The notion of cross-country skiing as an alternative winter activity fits into bygone days of the 1960s and ‘leisure time sports’. The appeal to fitness is just as bougie in the assumption people have time and money to choose a sport just for workout benefits. In either case it’s an appeal to people with access and time. And despite the USA’s recent successes in international competition, having athletes find an entry point to XC skiing by timely coincidence doesn’t seem like a sustainable development pipeline.

In what may be part of a one-off pandemic-driven surge in getting outdoors, via OZY comes an article about a resurgence of interest in cross-country skiing in Ohio, Indiana, and southern Pennsylvania. One passage quotes the president of the Pennsylvania Cross Country Skiers Association saying: “There are shops that are selling cross-country ski packages right now that haven’t sold cross-country skis for years. They think that people are going to be wanting to get out on the trails and golf courses and in their neighborhoods.”

According to the article, reasons for renewed interest range from parents wanting their children to go outside in a safe and socially-distanced way, to ski clubs that have had to refocus on skiing locally rather than travel across states to a resort destination.

Catherine Curley, who teaches kids ages 5 to 18 cross-country skiing through the Hilltoppers XC ski club outside Cleveland, says three times as many people have signed up this winter compared to pre-pandemic times.
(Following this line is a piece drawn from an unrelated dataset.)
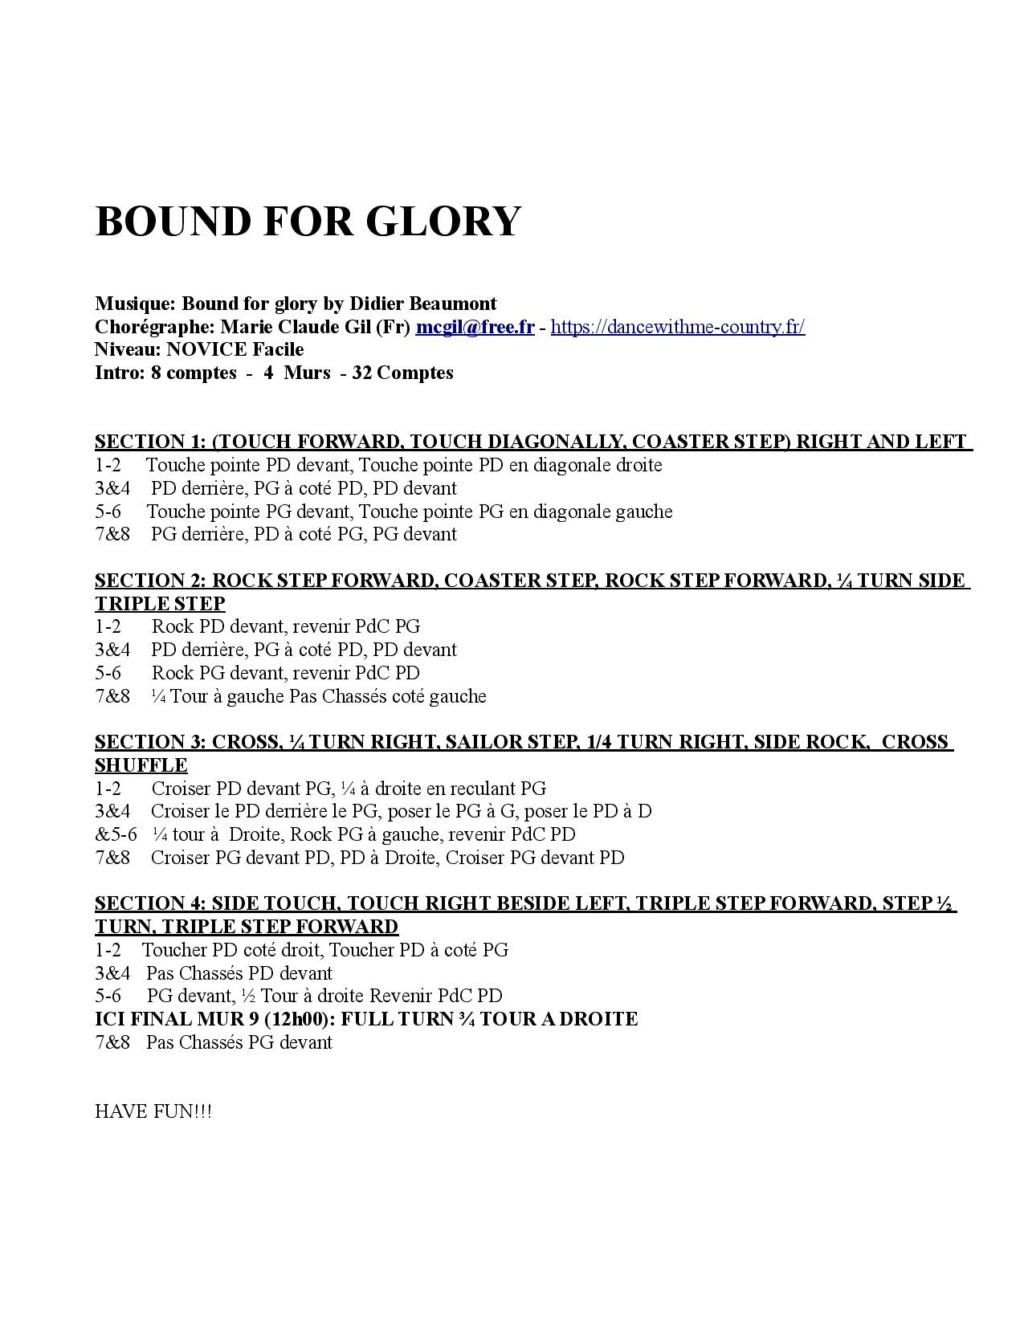 P D F - BOUND FOR GLORY - NOVICE  Bound_11

“Cross-Country Skiing Finds a New Home: The Industrial Midwest”, OZY Jan. 5 2021

Seems to me there’s a mismatch between what could be done to promote Nordic skiing in various localities and the capabilities of the XC ski industry and probably some clubs for growing or sustaining their operations. The crux lies in the equation of snow+place=skiing. Our small ecosystem of activity, business, and desire relies on coincidence. If pandemic winter awakens interest in cross-country skiing, what happens when that’s over?

The old idea of ‘if you can walk you can ski’ has outlived its usefulness. But it may also be that people have to rise over a threshold in order to appreciate XC skiing as an activity. We know that reliable snowfalls are likely to become less so, and it’s expensive to make snow. For enough people to want to ski that they’ll visit manmade snow next to brown grass, cross-country skiing itself has to have inherent value, a reason for being beyond ‘the alternative winter activity’.

Along with rowing or canoeing, bike riding, and even surfing, cross-country skiing is based on simple tech and technique to leverage physics for self-propulsion. Like those other sports it has many variants. Skis are categorically as old as the earliest boats- two ways people developed to cross expanses of water. In talking about this niche sport, maybe the starting point is: why should it be any less relevant or enjoyable than rowing a canoe?

More to come? Maybe. Thanks for reading.